= Issa Battat =

Palestinian Arab commander of rebels

Issa al-Hajj Suleiman Battat (also spelled 'Isa al-Battat) was a Palestinian Arab commander of rebels during the 1936–39 Arab revolt in Palestine based in the hills around Hebron. Battat was from the town of ad-Dhahiriya in the Hebron Subdistrict of the British Mandate of Palestine. He was a well-known commander in his home region and was suspected by the British authorities of involvement in the killing of British archaeologist J. L. Starkey in January 1938.

== Origins ==
Battat belonged to a large family of cultivators and pastoralists associated with the al-Maṭariyya village coalition in ad-Dhahiriya. According to a family genealogy collected by the Palestinian Rural History Project, the al-Baṭṭāṭ clan originated with migrants from Hijaz who initially settled at Tall al-Safi. The family belonged to the Qays faction and later became involved in a protracted conflict with the al-ʿAzza sheikhs of Bayt Jibrin. Following a violent confrontation with al-ʿAzza, the surviving members of the clan relocated to ad-Dhahiriya.

== Rebel activities ==
Before joining the 1936–1939 revolt, Battat moved to Hebron and became involved in criminal activity. The British arrested him and sentenced to life imprisonment but escaped after two years. At the beginning of the revolt, his group attacked the police station at ad-Dhahiriya and seized its weapons. The gang operated around Beit Jibrin and Hebron, where it cut telephone lines, seized British and Jewish property, acquired weapons, and directed local operations without maintaining regular contact with the revolt’s regional leadership.

In December 1937, Battat’s gang attacked the British police commander Broadhurst along the Beersheba–Hebron road. By April 1938, Battat commanded sixty fighters in the western Hebron district. The group collected protection money from villagers to finance its operations.

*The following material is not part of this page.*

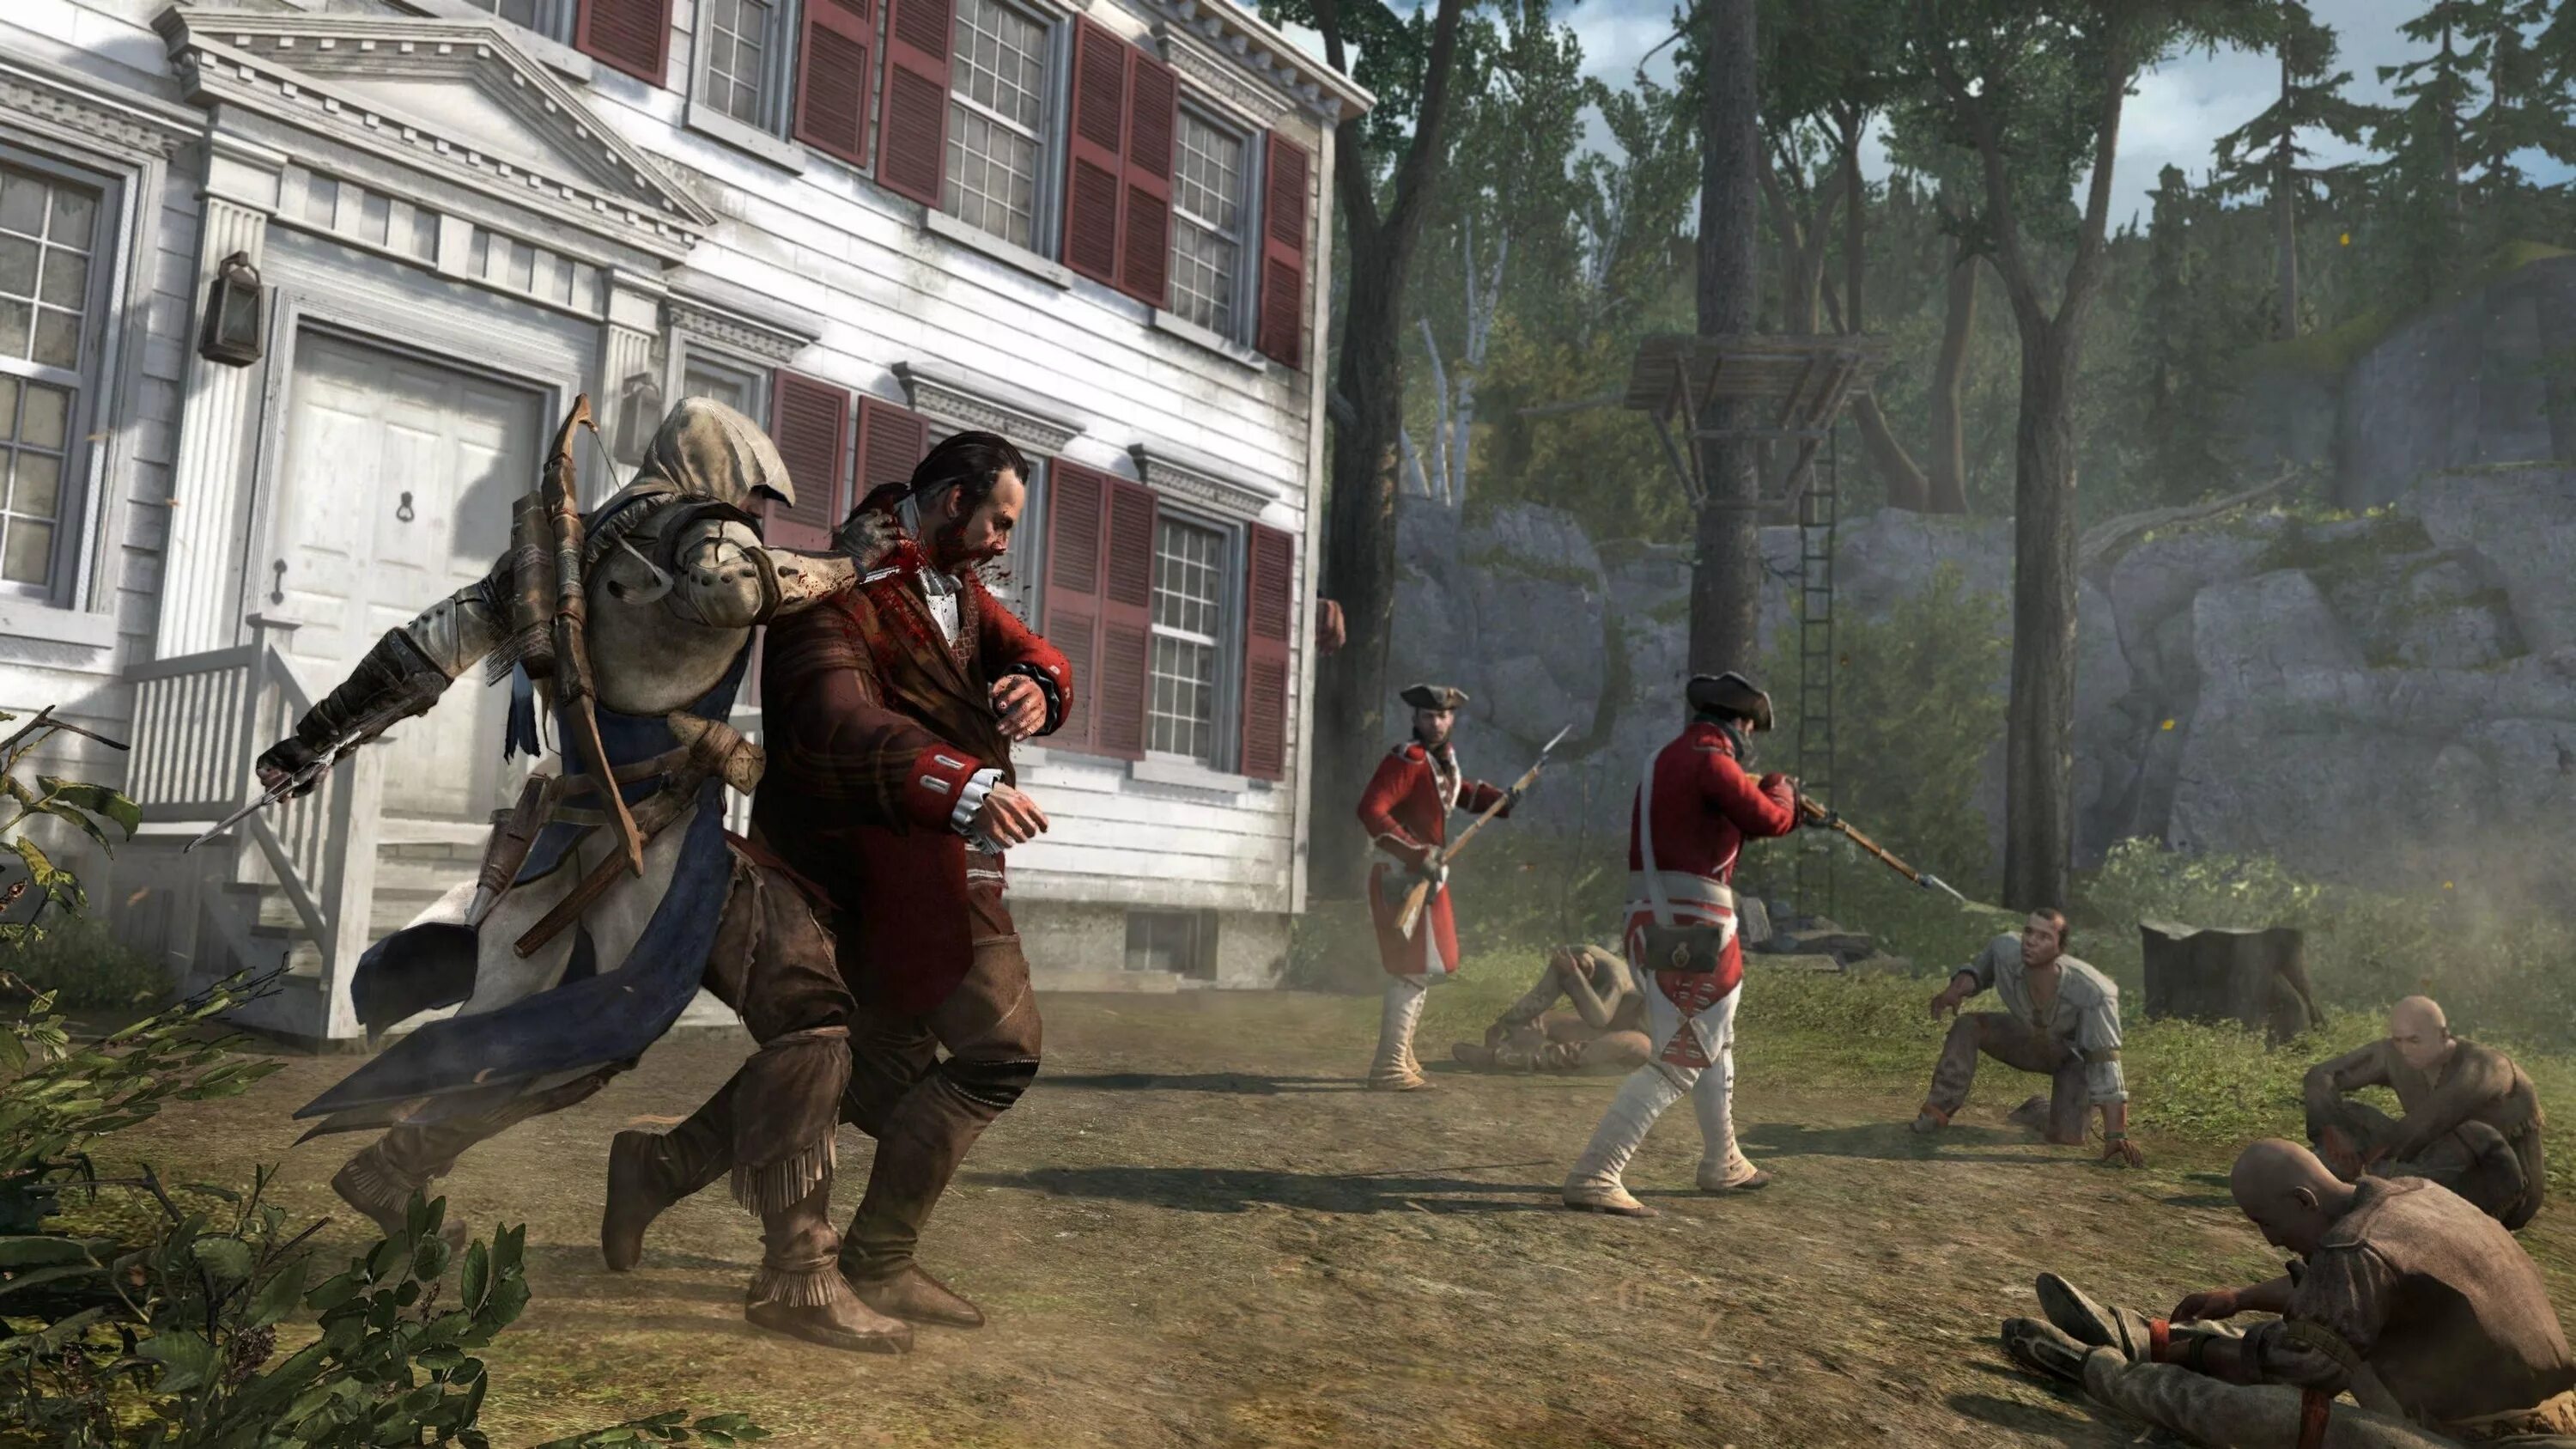 Включи крид 3. Ассасин Крид 3. Assassin's Creed III геймплей. Assassin’s Creed III – 2012. Assassin's Creed 3 геймплей.

In January 1938, Battat assassinated British archaeologist James Leslie Starkey at the request of al-Qubeiba villagers who had long-standing land disputed with him over excavations at Tell Lachish.

== Death ==
The authorities put a bounty on Battat for Starkey's death and other alleged crimes, and his whereabouts were made known to them by a Palestinian informant. Battat and his men were ambushed by British forces in the hills around Hebron on 7 May 1938, leading to a heavy, two-hour-long firefight. Battat was consequently killed in the shootout and his men dispersed, with no British fatalities. Rebels retaliated by executing a Palestinian from Beit Ummar charged with tracking Battat on behalf of the authorities. Abd al-Rahman al-'Azzi, a village leader from Beit Jibrin, was suspected by the al-Husayni faction of informing the authorities about Battat's location and was consequently compelled to organize armed rebel activity in his region to compensate for his alleged collaboration. Al-'Azzi was later killed in 1948 by Battat's sons.